When you’re dealing with a seller, time pressure is a major factor in how flexible he or she will be. A big part of your information gathering should be to find out all you can about the time pressure the seller is under. You’ll do a lot better in the negotiation the more you know about this.
In addition, time pressure also plays a big part in how flexible the seller will be if problems arise before the sale closes. Vilfredo Pareto was an economist in the nineteenth century who never studied negotiating, but in his book Cours d’economie politique, he pointed out that 80 percent of the wealth of Italy was concentrated in the hands of 20 percent of the people. This 80/20 ratio, known as the Pareto Principle, applies equally to the incredible pressure that time can put on a negotiation. In real estate negotiations, 80 percent of the concessions will usually come in the last 20 percent of the time allowed for the negotiation.

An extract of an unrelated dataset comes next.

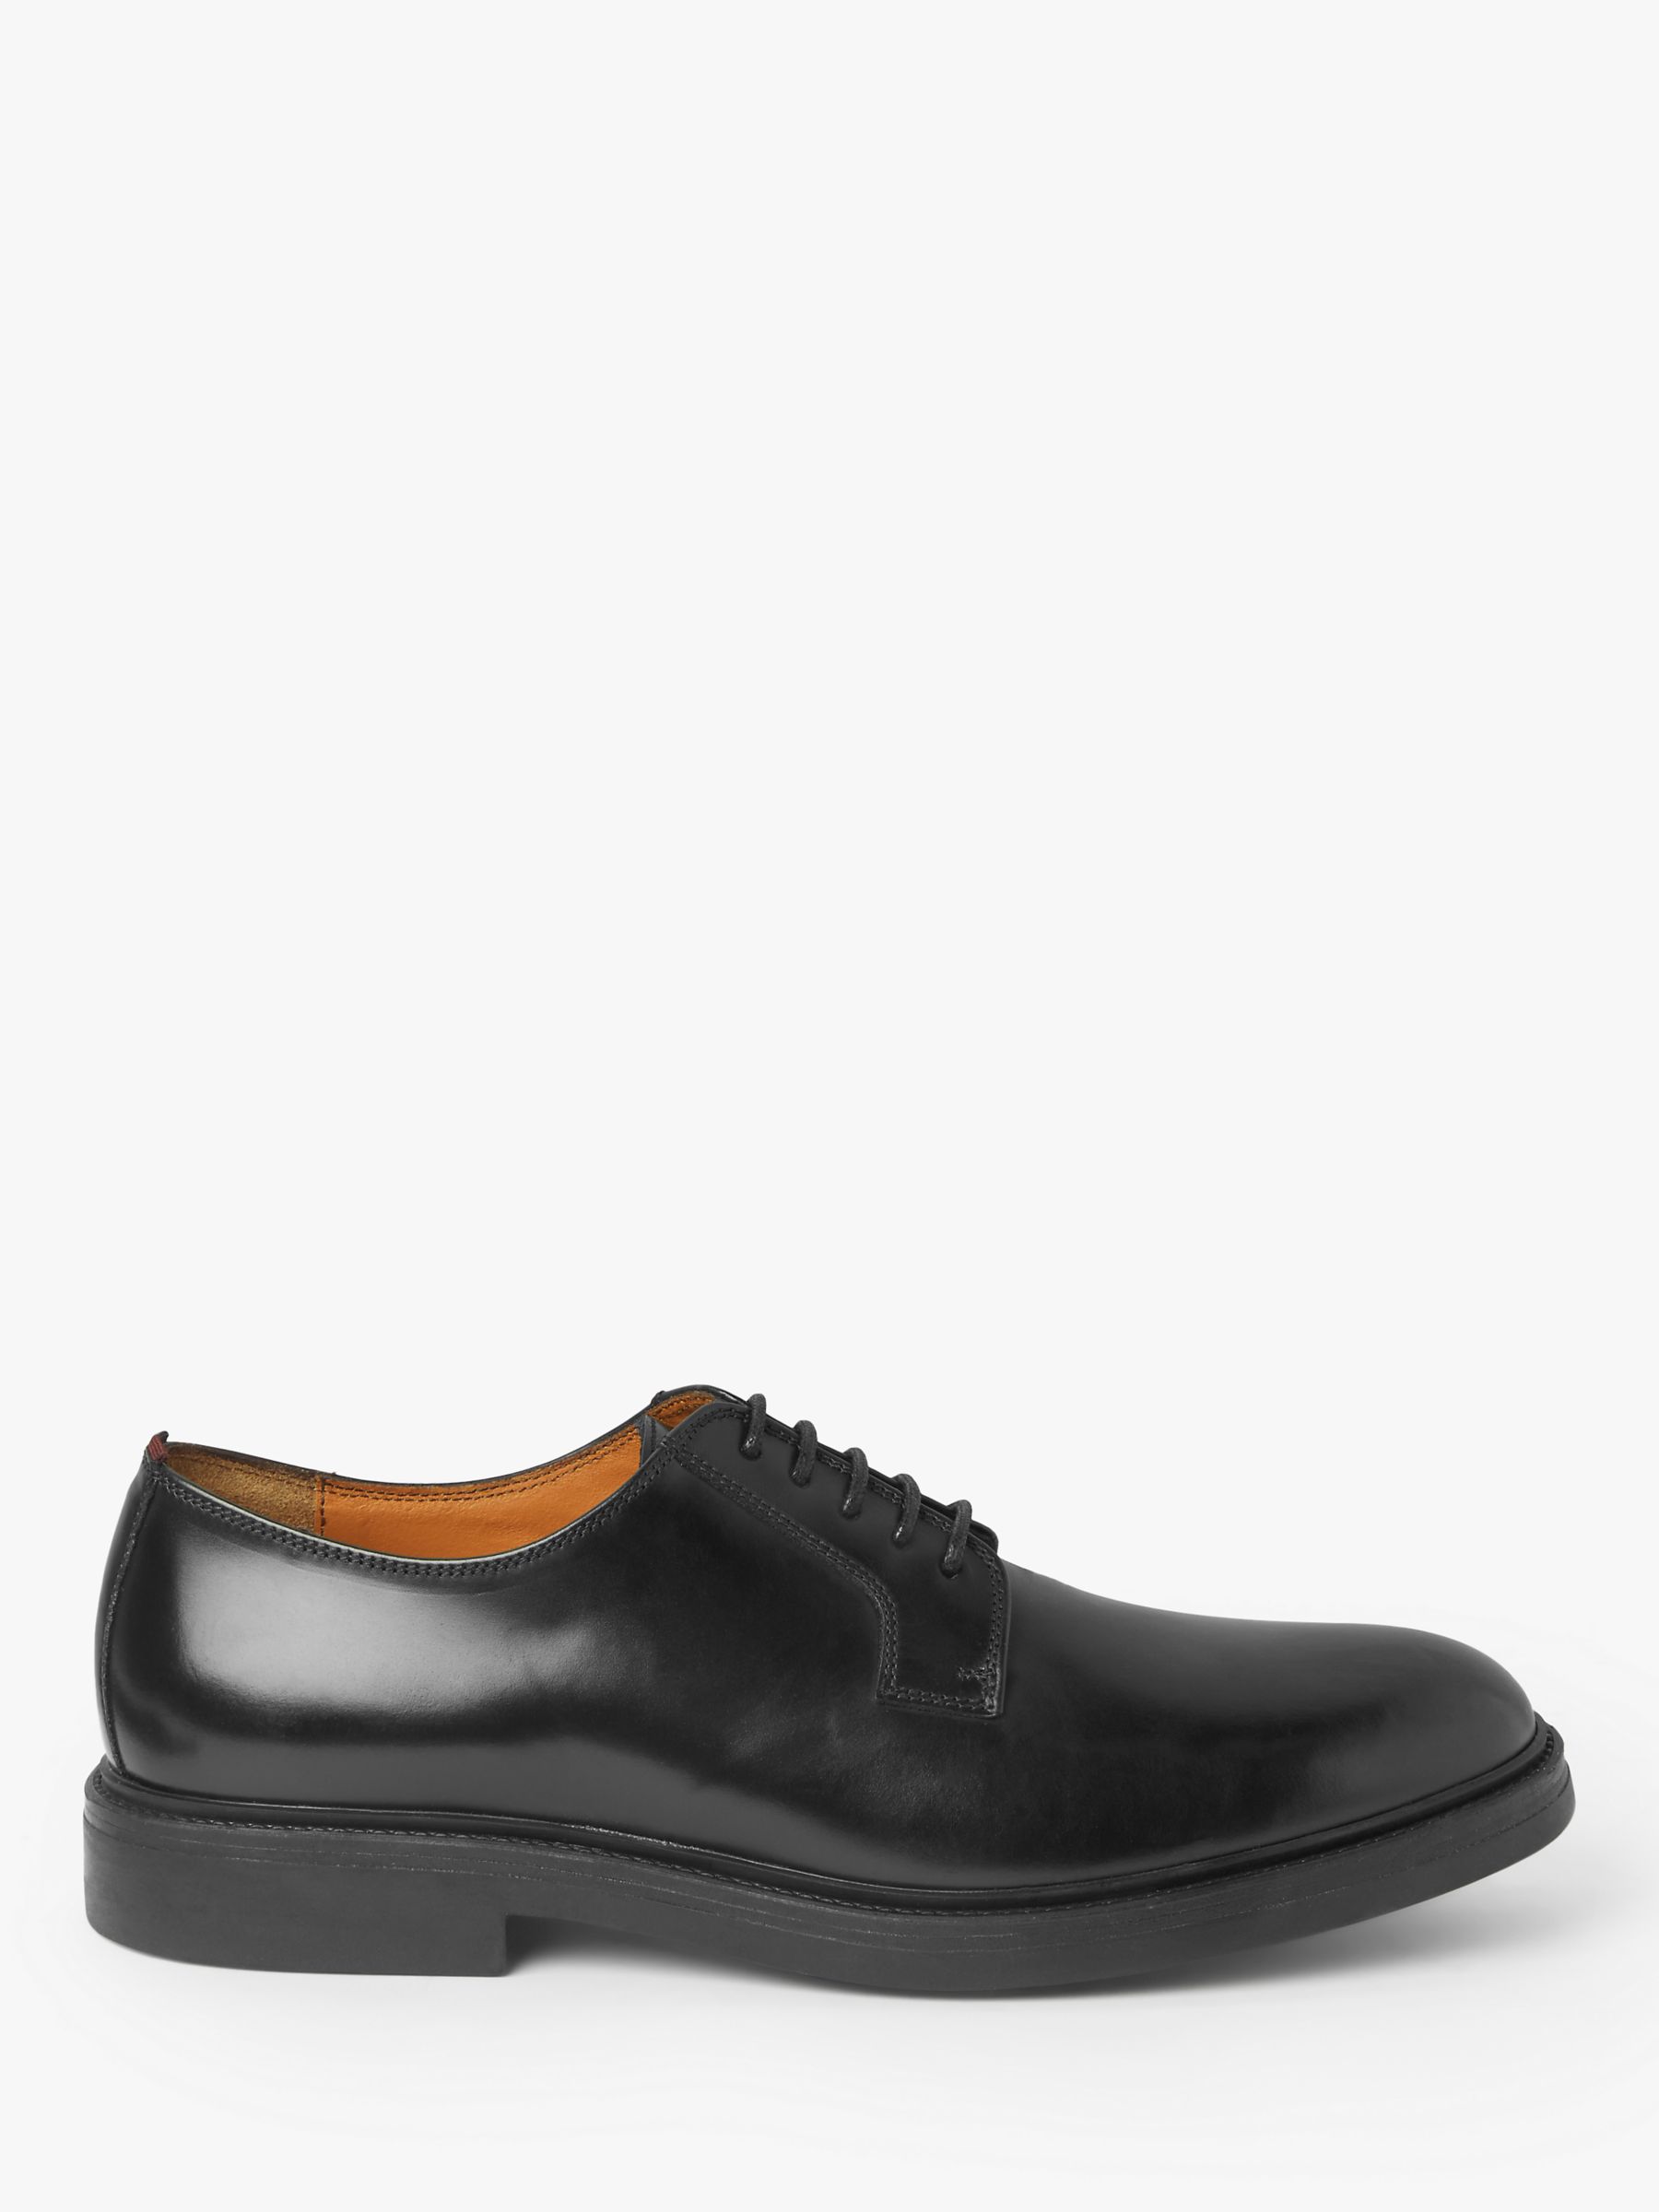 John Lewis & Partners Nevin Postman Italian Leather Derby Shoes, Black
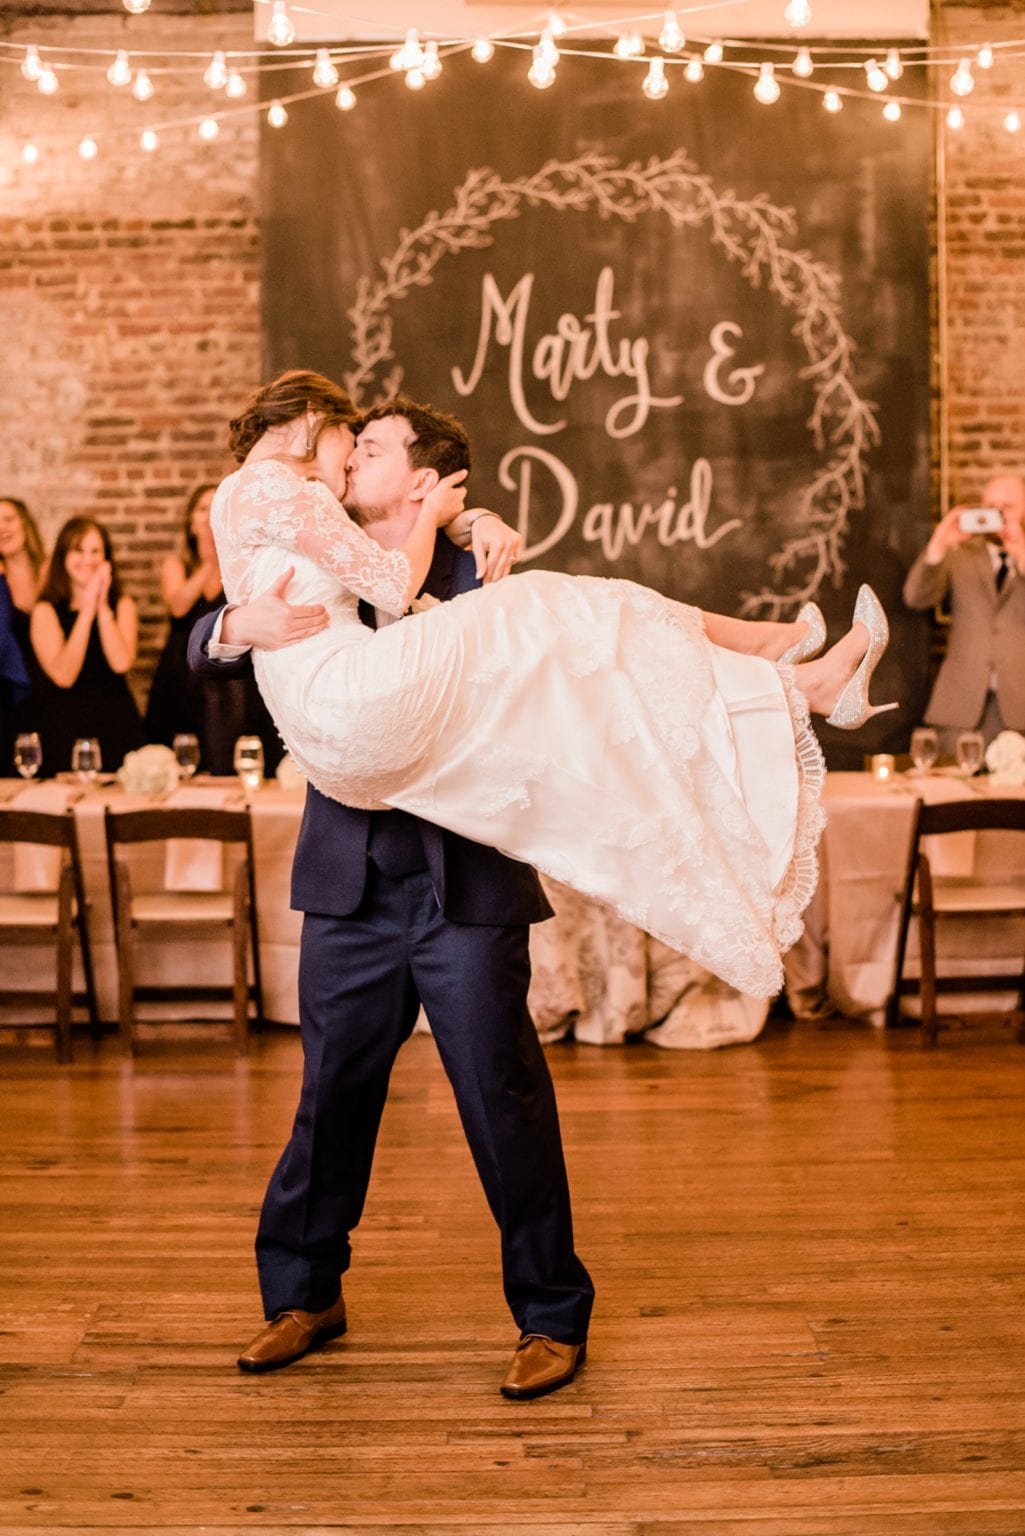 Marty & David • Downtown Raleigh Wedding Photographers

For example, let’s say you sign a contract to purchase an investment property and agree that the closing will take place in 10 weeks. Your offer is subject to your approval of a home inspection report. The inspection reveals that the roof needs to be replaced. The seller doesn’t agree with the report, saying that it’s a 25-year roof that has been on the house for only 20 years. If you bring up this problem during the first 8 weeks, it’s unlikely that the seller will agree to pay for replacing the roof, which may cause the transaction to fall through. If; however, you wait until the last 2 weeks before the scheduled closing to bring up the problem, the seller will have more time invested and be much more likely to go ahead with the repair rather than lose the sale.
Here’s a tip! Learning this and the other fine points of negotiating will allow you to take advantage of the many opportunities being created by the current real estate crisis. As my good friend and Weekend Millionaire co-author Roger Dawson says, “You’ll never make money faster than when you’re negotiating.”